Food House of home cooked Indian Recipes for Curries, Subzis and Roties with an added Touch/Twist to enhance Zest/Nutrition/Texture and Appearance. Discover variety of Home made Blend of Indian Spices for Vegetarian and Non-Vegetarian Indian Dishes.
Today's lunch was rice and roti free. I had left over king mackerel fish curry. I cooked simple saute with broccoli, green beans and Kale. Also made raita with Kumato Tomato. This is first time I tasted Kumato which I got last week from Aldi's store. King mackerel fish curry was made with onion+Tomatillo base, use of Tomatillo makes curry sour and brings nice thick and smooth gravy texture due to its pectin content. Lunch combination was very satisfying, I didn't miss rice or roti. I am briefly explaining saute and Raita recipes which are cooked in a very simple manner.

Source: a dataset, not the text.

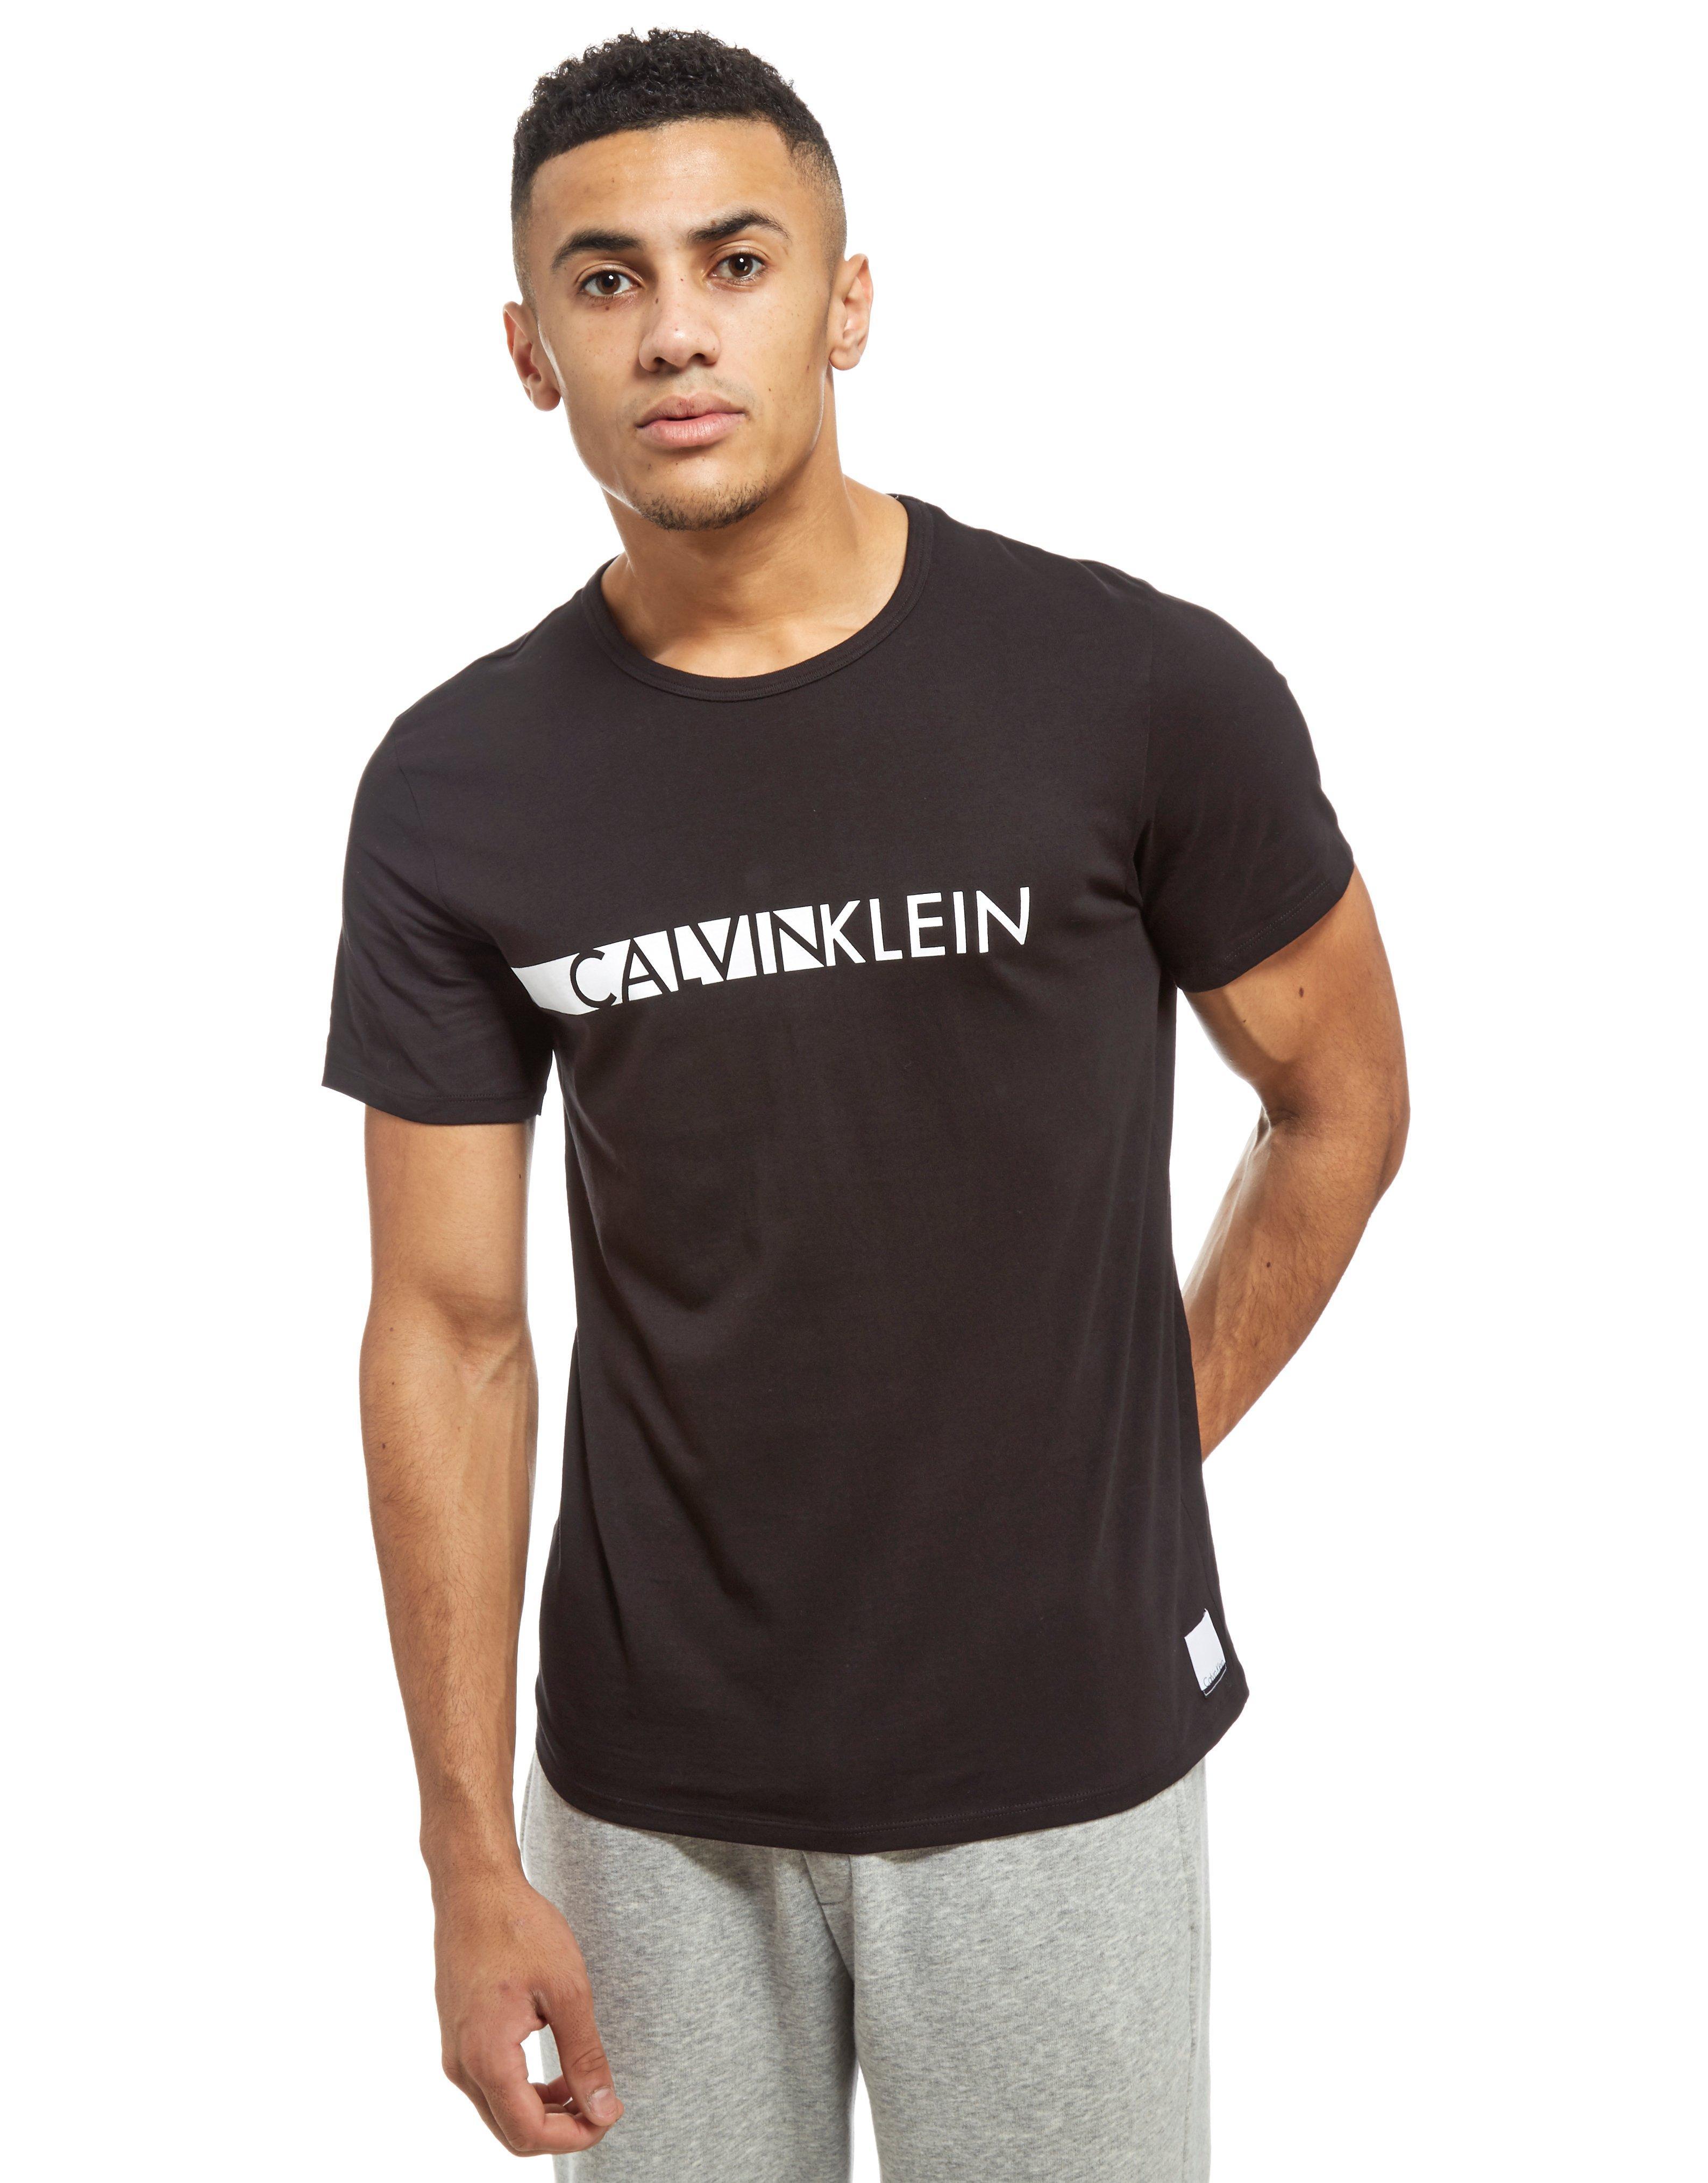 Lyst - Calvin Klein Short Sleeve Central Logo T-shirt in Black for Men

How to prepare Broccoli, Green beans and Kale Saute
Prepping the Veggies: Slice 10-12 green beans into 1-inch long diagonal shape, take 4-5 broccoli florets, slice each floret lengthwise into 3 pieces, i have used broccoli florets with almost 2 inch long stems. Put sliced broccoli florets and green beans in the microwave safe bowl filled with water, cook for 4-5 minutes, drain the water and keep aside. Slice 3-4 garlic cloves lengthwise, finely chop one green chili. Separate Kale greens from stem, thinly slice stem and chop the leaf.
Cooking saute: Heat 1 tsp extra virgin olive oil in a small saute pan. Add sliced garlic and green chili, saute for one minute. Add sliced kale stem, continue to saute for another one minute. Sprinkle a pinch of asafoetida (hing) and turmeric powder, stir for 25 seconds, Now add chopped kale leaf, saute for about 3 minutes by adding 2 tbsp water, once water evaporates, add pre-boiled and drained broccoli and beans. Stir to mix all well, sprinkle one generous pinch of salt. Increase heat to medium high, saute for one minute then put off the gas. Drizzle half teaspoon extra virgin olive oil before serving. (serves one generous portion.)
Kumato Tomato raita in Yogurt.
Cut one Kumato tomato into 4 pieces, remove seeds, cut into 1 cm chunks. Whisk 1/4 cup whole milk yogurt, add one pinch of salt and 1 tbsp finely sliced mint leaves. Mix well, garnish with more mint leaves before serving.
Kumato tomato, Kale leaf, Broccoli, Green beans, green chili,garlic.